Бродяжка ответила ей сопением, после чего снова уснула. Девочка с трудом вынула ноги из-под собачьей головы и, стараясь не задеть огромную тушу, принялась искать чистую одежду и одеваться. Когда дело дошло до причёски, Чармейн обнаружила, что все её заколки и шпильки бесследно исчезли — наверно, растерялись во время её стремительного спуска гор. У неё осталась лишь голубая ленточка. Миссис Бейкер всегда настойчиво утверждала, что уважаемые в обществе девушки непременно убирают волосы в опрятный пучок на затылке, поэтому Чармейн никогда не носила другие причёски.
— Ну и ладно, — сказала она своему отражению в небольшом настольном зеркале. — Ведь мамы здесь нет.
Девочка переложила волосы на одно плечо и заплела в толстую косу, завязав её лентой. Посмотрев на своё отражение, она осталась им довольна: пушистая рыжая коса делала Чармейн куда симпатичней прежнего, её лицо больше не казалось худющим и строгим. Девочка подмигнула своему отражению и, перепрыгивая через лохматые лапищи Бродяжки, отправилась в ванную комнату.
К счастью, за ночь ванная оттаяла. С труб звонко капала вода, в остальном же, казалось, полный порядок. Ничто не предвещало проблем, пока Чармейн не открыла кран, затем ещё один, а затем остальные два: из всех четырёх текла ледяная вода.
— Всё равно я не собиралась принимать ванну, — утешила себя девочка и вышла в коридор.
Питер пока не проявлял никаких признаков жизни. Чармейн вспомнила, как мама говорила ей, что мальчики всегда спят подолгу и никогда не поднимаются быстро. Так что девочка не стала переживать на его счёт. Она открыла дверь, повернула налево и оказалась на кухне, в царстве мыла и пены. Обрывки пены и одинокие пузыри немедля влетели в коридор позади неё.
— Проклятье, — вырвалось у Чармейн. Она прикрыла голову руками и окунулась в мыльный воздух кухни. Вокруг стояла неимоверная духота, будто девочка шагнула в отцовскую пекарню.
— Уф! — с трудом дышала Чармейн. — Думаю, я теперь лет сто не притронусь к мылу.
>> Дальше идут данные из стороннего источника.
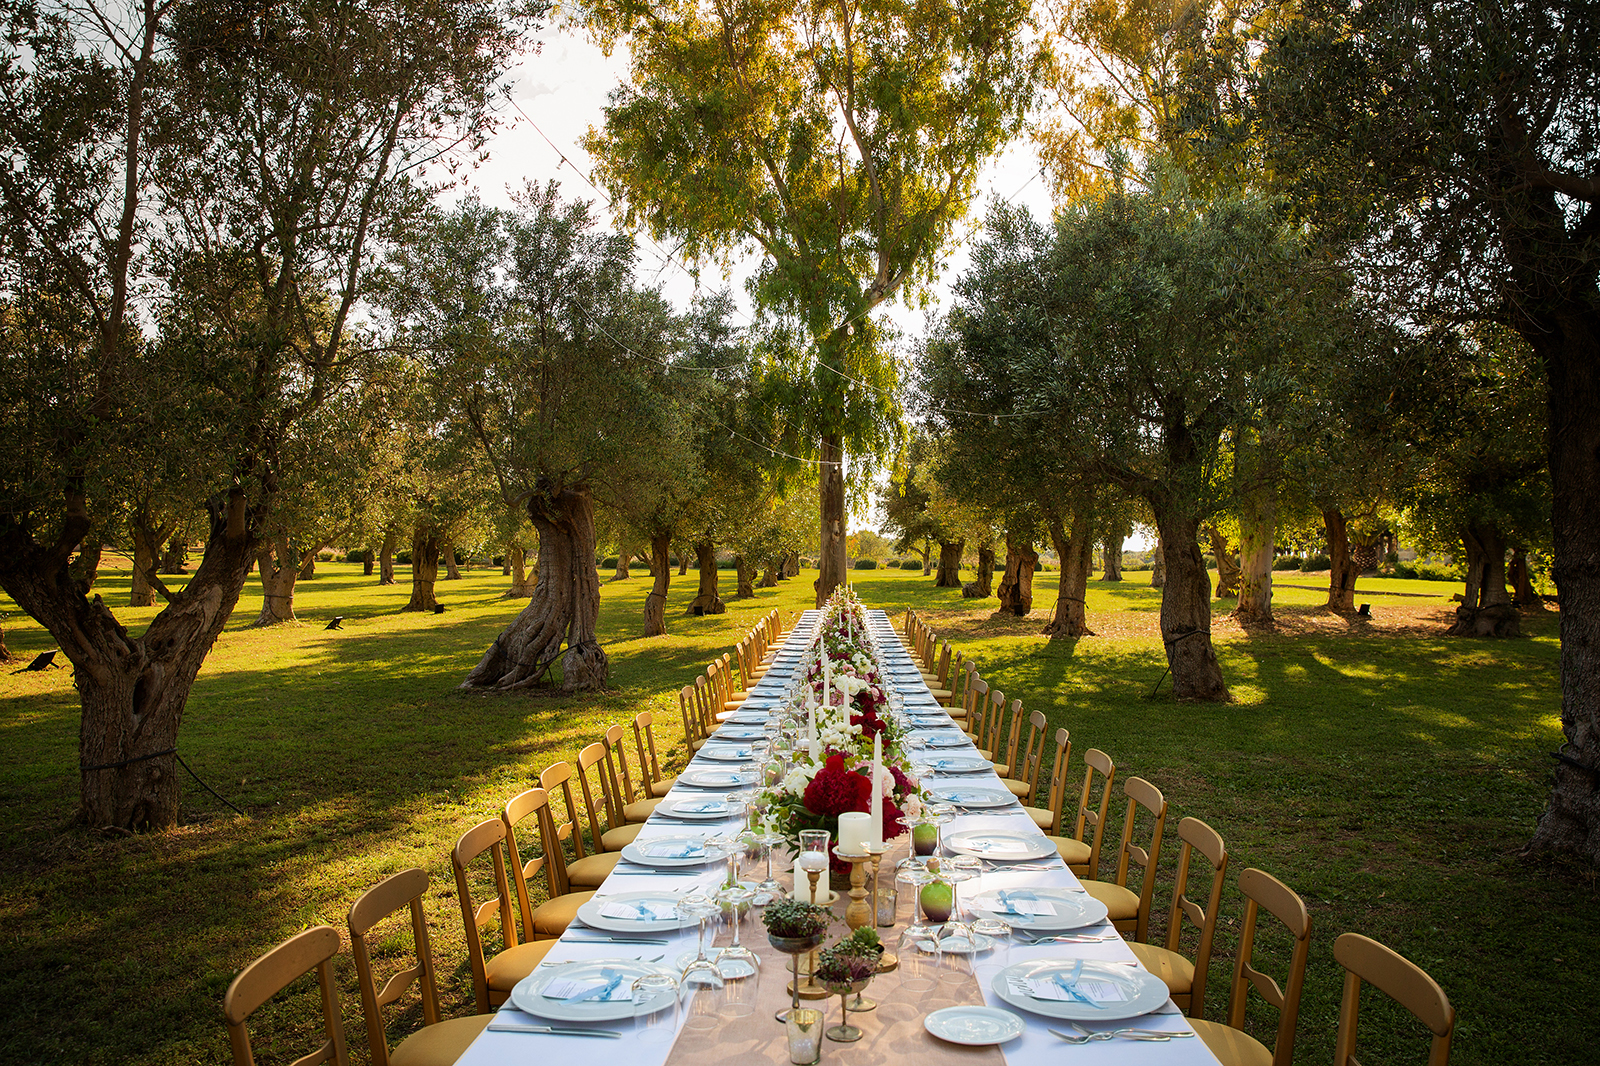 Masseria Torre Ruggeri - fotografo per matrimoni in Puglia

Больше она ничего не смогла сказать, потому что пена так и норовила залезть ей в рот. Небольшой мыльный вихрь запузырил нос, и девочка начала чихать. Она наткнулась на стол и услышала, как упала на пол ещё одна чашка, но Чармейн не обратила на неё внимания и продолжала пробираться сквозь мыльные завесы. Вскоре она набрела на бельевые мешки и услышала звон кастрюлей — теперь она поняла, где находится. Девочка отняла одну руку от лица, нащупала раковину, а следом за ней дверь слева. Пальцы начали искать задвижку, но не находили ничего подобного. Чармейн начала думать, что за ночь задвижка куда-то испарилась, но вдруг вспомнила, что она попросту с другой стороны. Девочка, наконец, распахнула дверь и глотнула свежий воздух, слегка отдававший мылом. Она открыла красные слезящиеся глаза и улыбнулась утреннему свету.
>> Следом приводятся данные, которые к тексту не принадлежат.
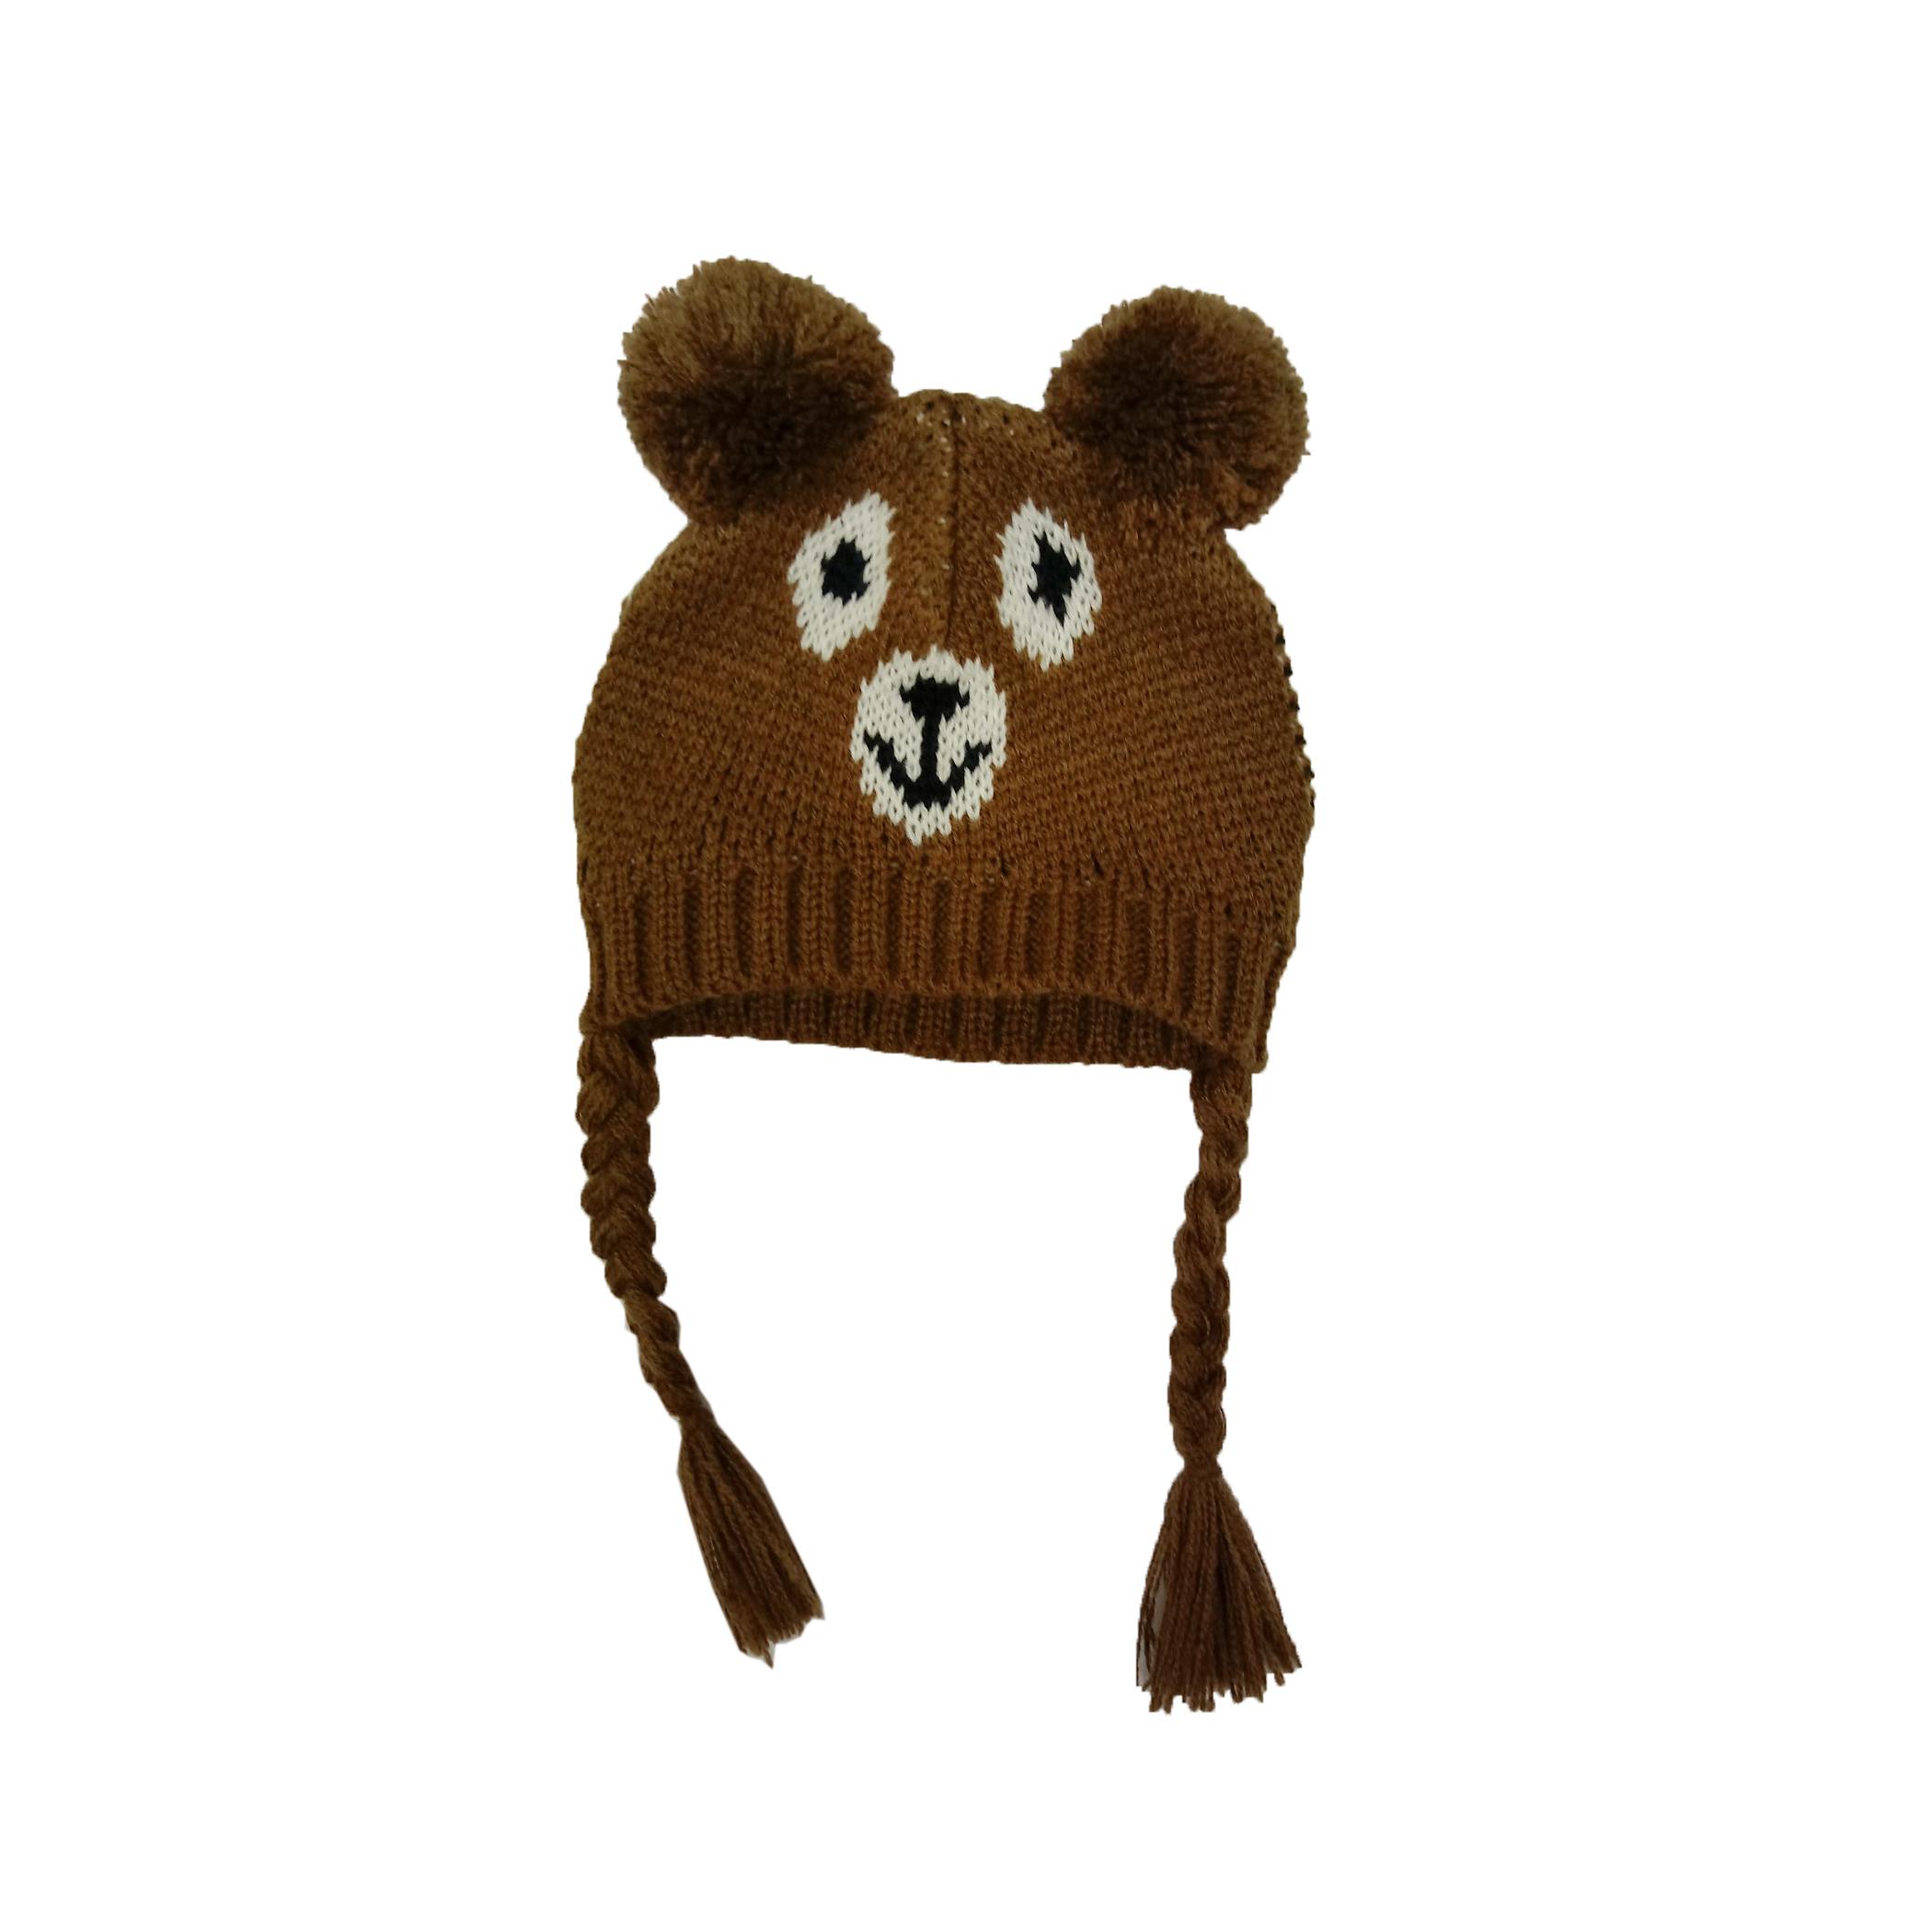 c08e0dcb0 Bear Hat - Ethical Pet

Мыльные пузыри стайками вылетали наружу. Когда глаза Чармейн перестали слезиться, она стала зачарованно наблюдать, как сверкающие на солнце пузыри весело и легко поднимаются к зелёным склонам гор. Девочка заметила, что большинство мыльных пузырей лопаются, долетая до конца дворика, будто дальше их не пускала некая невидимая преграда. Но некоторые пузыри плавно продолжали свой полёт, поднимаясь всё выше и выше, словно готовы были плыть так целую вечность. Чармейн следила за ними взглядом, минуя коричневые скалы и зелёные пятна лугов. На каком-то из этих лугов она вчера повстречалась с лаббоком, но на каком именно — девочка не смогла бы сказать. Взгляд поднялся к острым вершинам гор, а затем к голубому океану неба. День обещал выдаться чудесным.
Чармейн снова посмотрела на кухню и увидела, что мыльные пузыри вылетают теперь ровным потоком, а внутри почти не осталось пены, хотя и тут и там виднелись разорванные облачка пузырей, очаг же покрывала густая белая борода. Девочка вздохнула и вошла в кухню. Привстав на цыпочки, она открыла окошко над раковиной, и оставшиеся мыльные пузыри тот час всем скопом устремились к нему, словно спеша поскорее покинуть дом и отправиться к небу. Вылетающие из дома струи пузырей мерцали на солнце, превращаясь в необыкновенной красоты радужный поток. Кухня очень быстро возвращалась к прежнему виду, и вскоре Чармейн смогла разглядеть у раковины четыре бельевых мешка, вместо вчерашних двух.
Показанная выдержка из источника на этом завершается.